Aid to Church in Need in its “Religious Freedom Report 2014” states that Muslim countries predominate the list of states with the most serious religious freedom violations.

The report, which covers a period from 2012 – 2014, states that global religious freedom has entered a period of ‘serious decline’.

Of 20 countries designated ‘high’ with regard to lack of religious freedoms, 14 experienced persecution linked to extremist Islam.

They are: Afghanistan, Central African Republic, Egypt, Iran, Iraq, Libya, Maldives, Nigeria, Pakistan, Saudi Arabia, Somalia, Sudan, Syria and Yemen. The remaining 6 related to authoritarian regimes.

The reports states that Christians are the most persecuted religious minority. However, Muslims are also persecuted by Muslims and authoritarian governments. Persecution of Jews in Western Europe has also increased but is considered ‘low’ level.

Fr Nadaf said that Israel is one of the only Middle Eastern countries where Christians can live safely, despite being a minority.

“In Israel, Christians are not killed, their churches are not burned, their female believers are not raped.” Christians must stay in Israel in order to strengthen their presence in the Middle East, he said.

Israel has a population which includes some 6 million Jews, 1.3 million Muslims and 160,000 Christians.

Another religious leader in another country, the Syriac Catholic Patriarch has stated that the West ignores Iraq’s Christians because they represent no economic interest.

“They used to live normally, they had their homes, their jobs, their church and they have become, through no fault of their own, just because they were Christians, refugees in their own country, without resources. We are going through a very, very tragic time,” said Patriarch Joseph III Younan of Antioch and All the East.
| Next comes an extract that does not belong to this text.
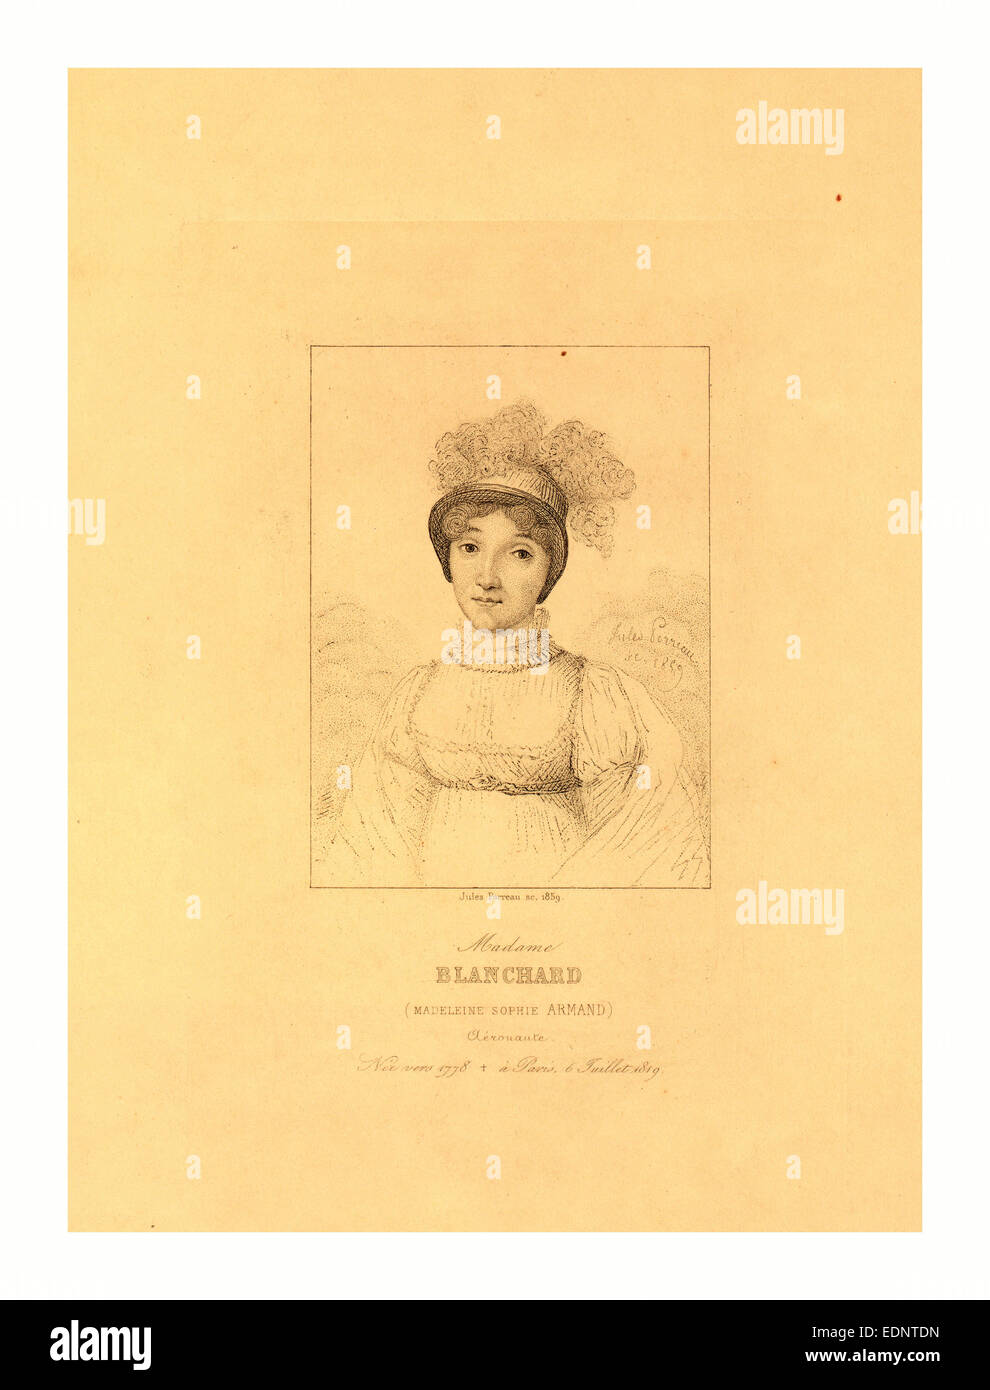 Madame Blanchard (Madeleine Sophie Armand) French aeronaut,  Jules Porreau, sc., 1859 Stock Photo

In an interview with Aid to the Church in Need, he said that the Western world had been largely silent about the situation facing Christians in northern Iraq.
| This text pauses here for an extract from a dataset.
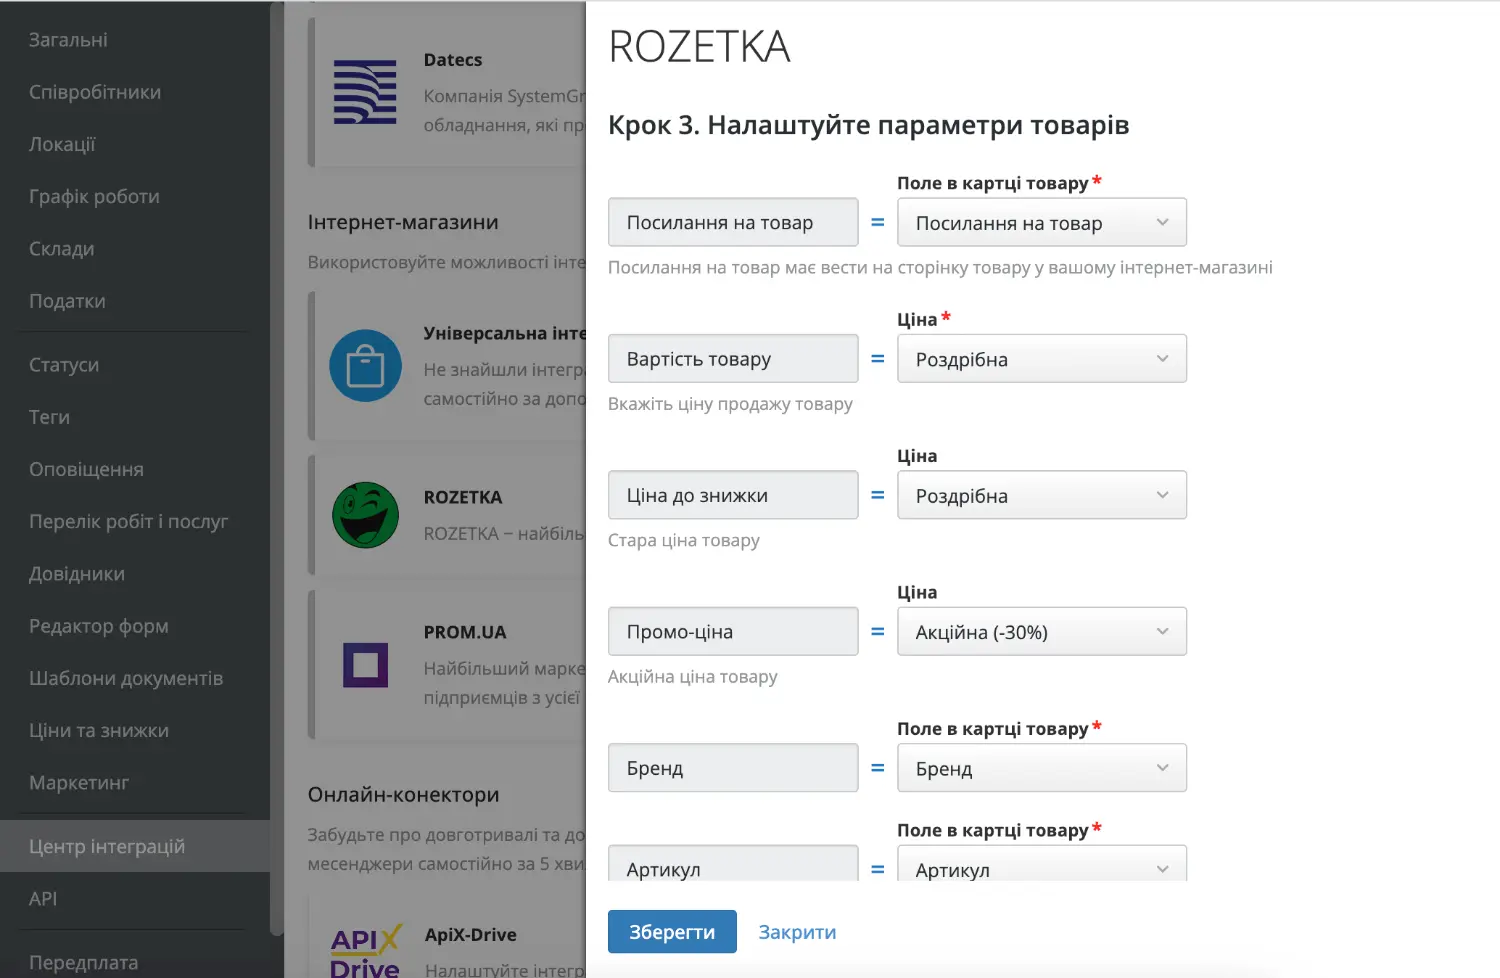 rozetka-warehouses-categories.webp (47 KB)

On the situation of displaced Christian families in Kurdistan, the Patriarch said that their “morale has fallen very low. For months refugees have been living in this humanly unbearable situation – they have absolutely nothing. Winter has begun, and they don’t have help from humanitarian agencies, and sometimes they feel humiliated.”

Patriarch Younan stressed that the region cannot provide for the needs of all the estimated 140,000 Christians who have been displaced, and who need housing, food, medical care, and education.

The Catholic Bishops’ Emergency Committee in Iraq has been addressing many of these needs.

They have provided food and shelter, via a Committee — supported by a number Catholic agencies and charities in the US — which is now putting in place longer-term projects, including the construction of schools.

A number of Iraqi refugees have made their way to other countries in the Middle East, such as Lebanon where there are an estimated 8,000 Iraqi Christian refugees.

This total includes Iraqis who fled before the current crisis sparked by the emergence of ISIS. Patriarch Younan called on the “international family of nations” to take concrete steps to provide justice to refugees so that they can return home safely.